=== ABOUT THIS EXERCISE ===
A faithful, word-for-word copy of the data below is required, without pictures.

=== DATASET SECTION ===
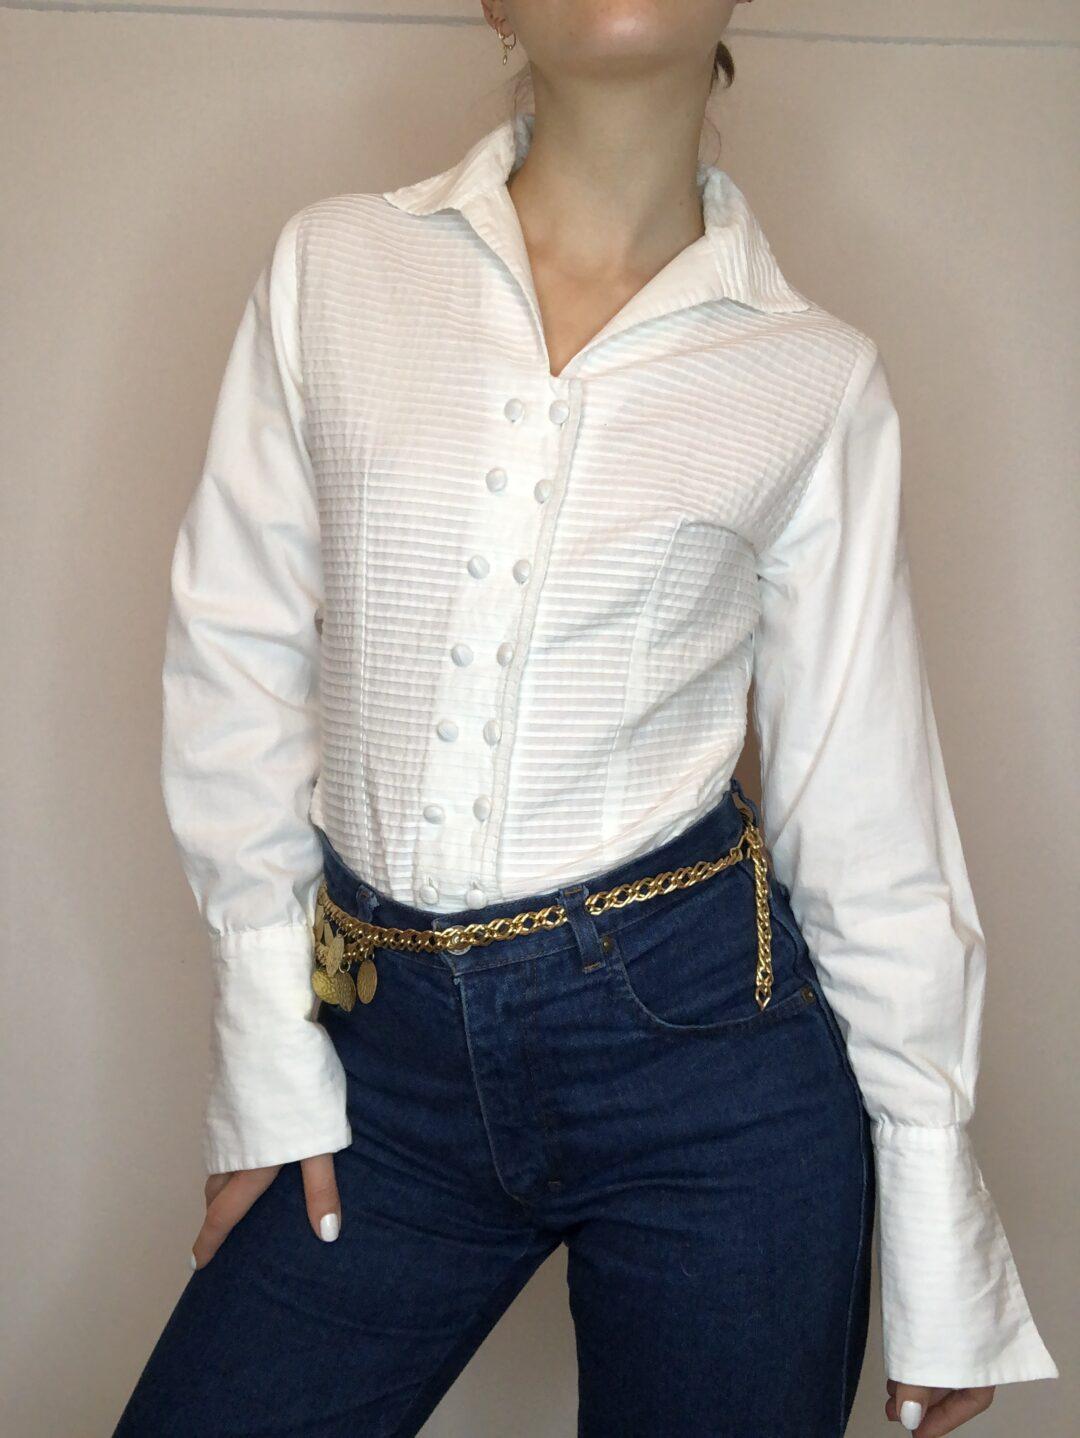 Vintage Collect23 shirt
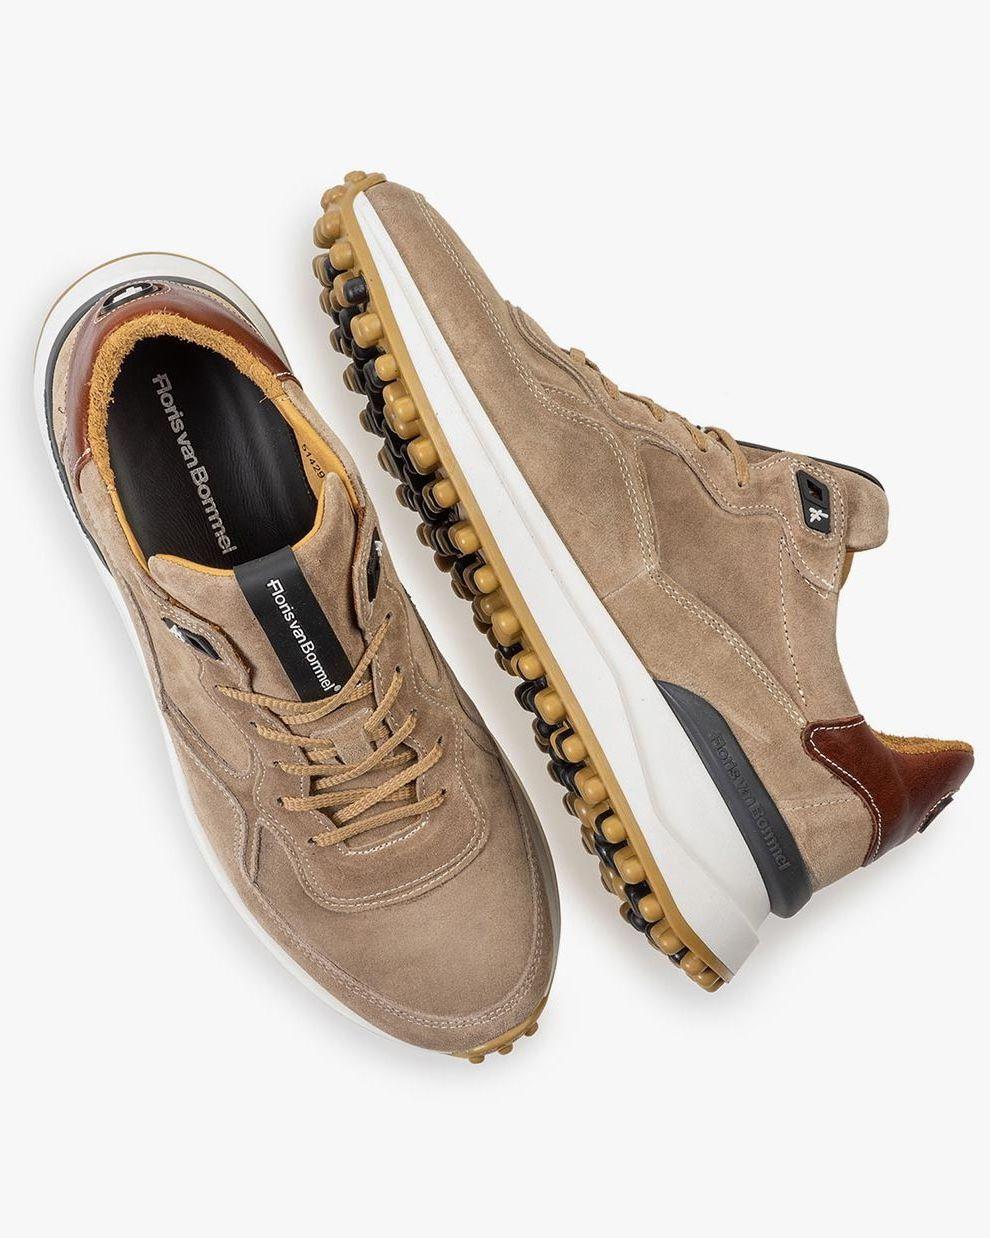 Beige suede leather sneaker 16301/19   Floris van Bommel Official
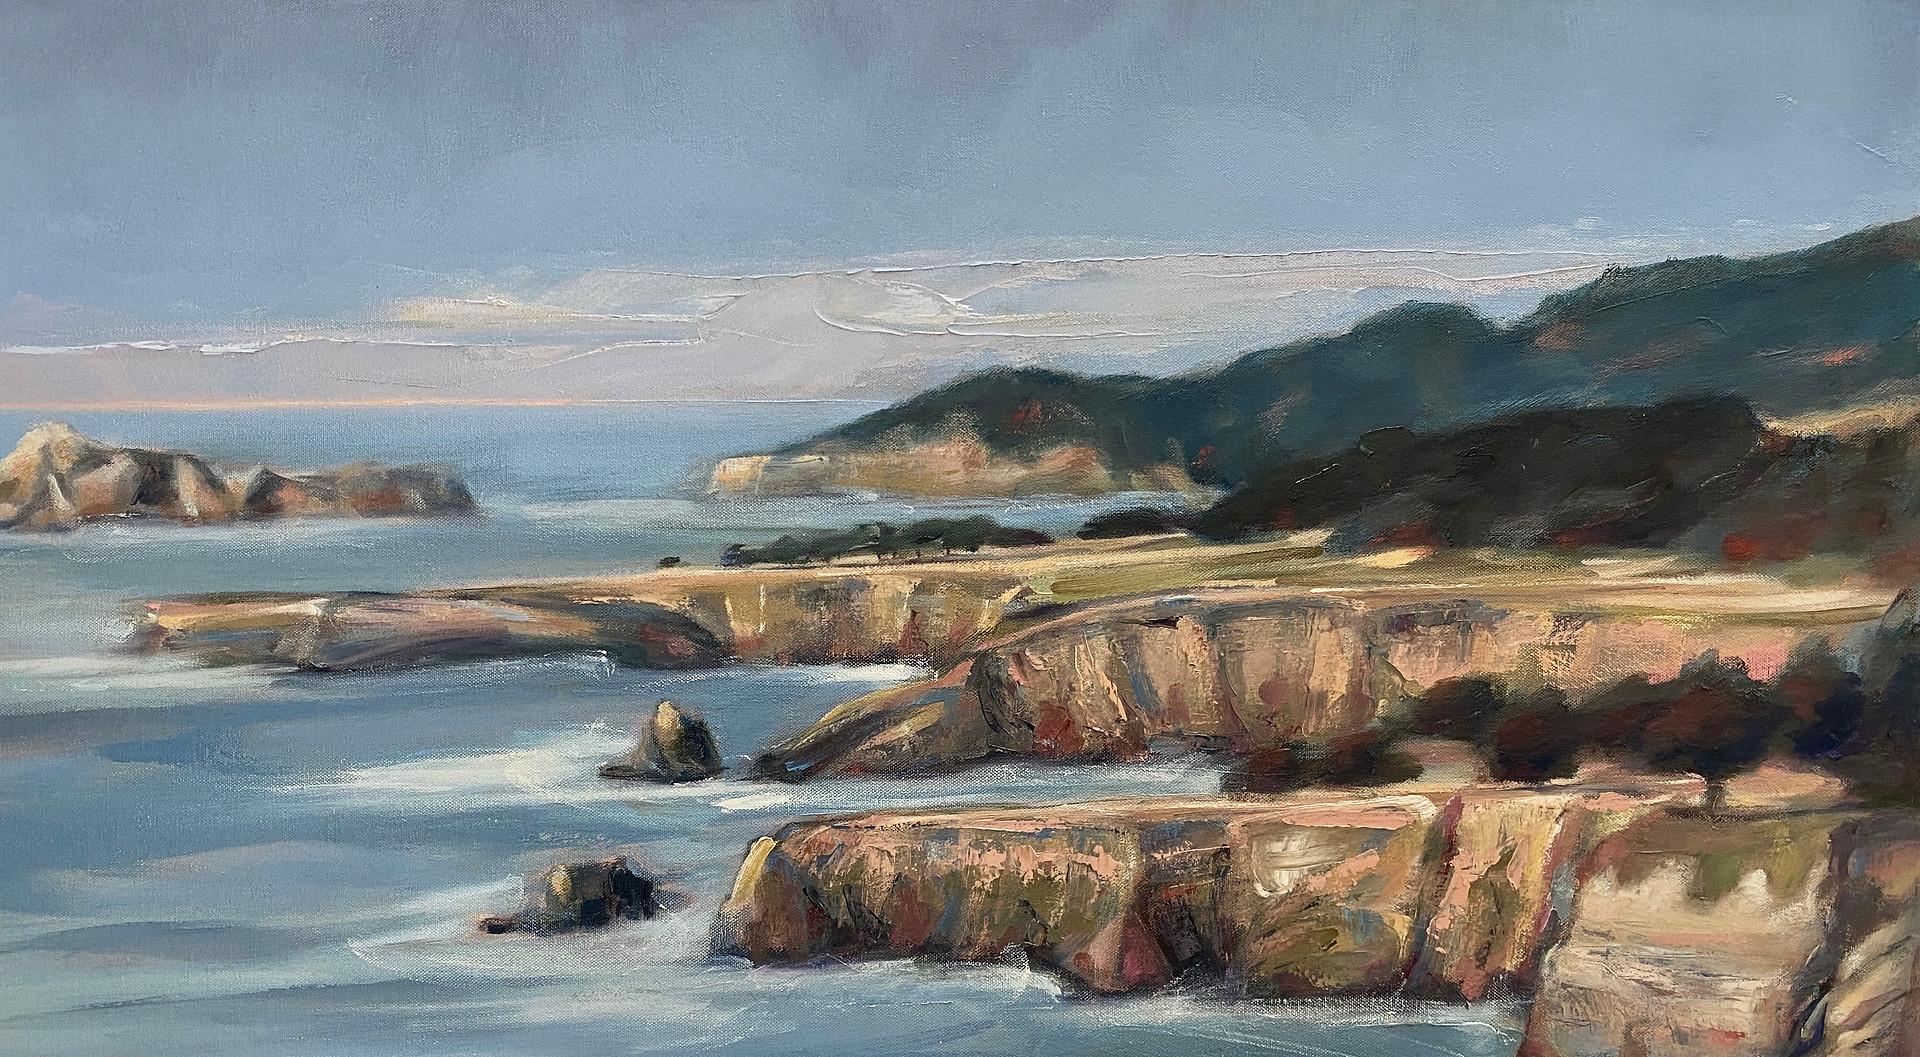 24 x 36 Oil on canvas $750

=== TASK OUTPUT ===
 Vintage Collect23 shirt
 Beige suede leather sneaker 16301/19   Floris van Bommel Official
 24 x 36 Oil on canvas $750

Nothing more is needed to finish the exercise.